The political will that delivered the Millennium Development Goals is absent from today’s development debate, yet even bolder political leadership is needed if we are to achieve the new Sustainable Development Goals, said Oxfam today in response to the release of the UN’s final Millennium Development Goals Report

The UN report provides an assessment of global and regional progress towards the MDGs. It shows that progress has been made in the global fight against absolute poverty in the set 15 years but the benefits have been uneven. The new Sustainable Development Goals which aim to eradicate poverty and protect the planet are due to be agreed in New York in September.

Takumo Yamada, Senior Policy Advisor at Oxfam, said:

“The progress of the Millennium Development Goals demonstrates what can be achieved with the necessary political will, backed up with sufficient quality funding and the right policies.  With millions more children surviving and making it into school the results speak for themselves.

“MDGs were made possible largely because of a scale up in the quantity and quality of aid in the early years. Sadly progress has stalled since the financial crisis, and the lack of a strong accountability mechanism has allowed rich countries to turn their backs on the world’s poorest people.

“We will not lock in the MDGs or deliver on a new set of ‘Sustainable Development Goals’ that aim to leave no one behind unless we tackle the extreme concentration of wealth, resources and power in our world. This will take political courage and active citizenship.  

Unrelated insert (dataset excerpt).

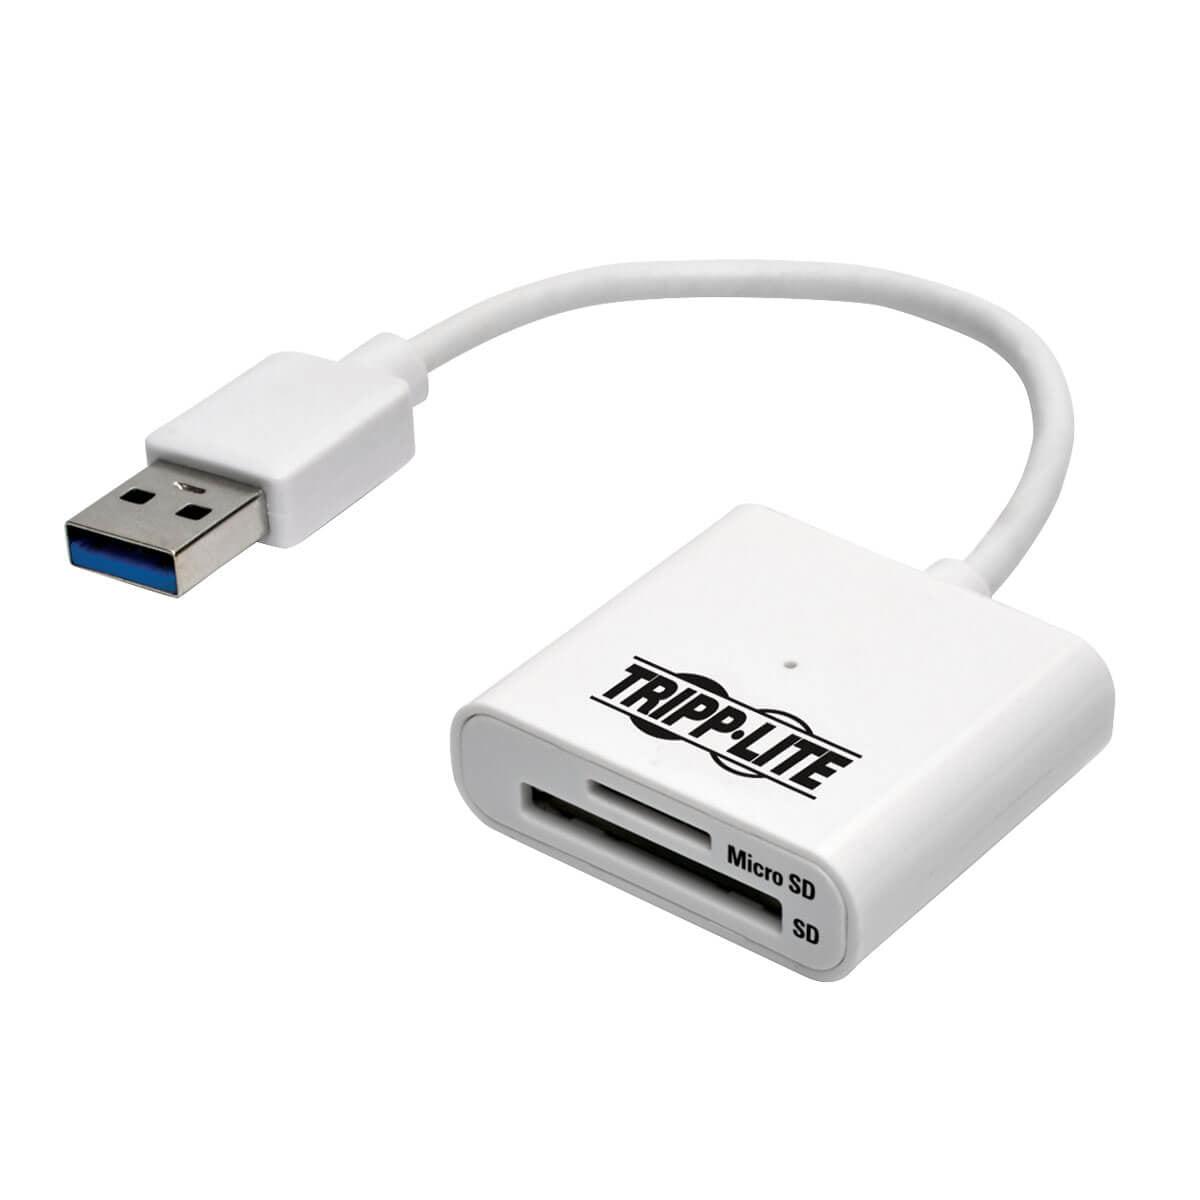 Tripp Lite U352-06N-Sd Usb 3.0 Superspeed Sd/Micro Sd Memory Card Media Reader With Built-In Cable, 6-In. (15.24 Cm)

“Getting a fair and effective financial framework in place is a critical first step. Governments must seize the opportunity of the Finance for Development meeting in Addis next week to reform the global tax system and clamp down on corporate tax dodgers who are cheating poor countries out of billions of dollars every year – money that could be spent on tackling poverty and inequality.   Rich governments must also recommit to deliver on their decades' old promise to deliver 0.7 per cent of their national income in aid and ensure at least half of this money is spent in the world’s poorest countries.”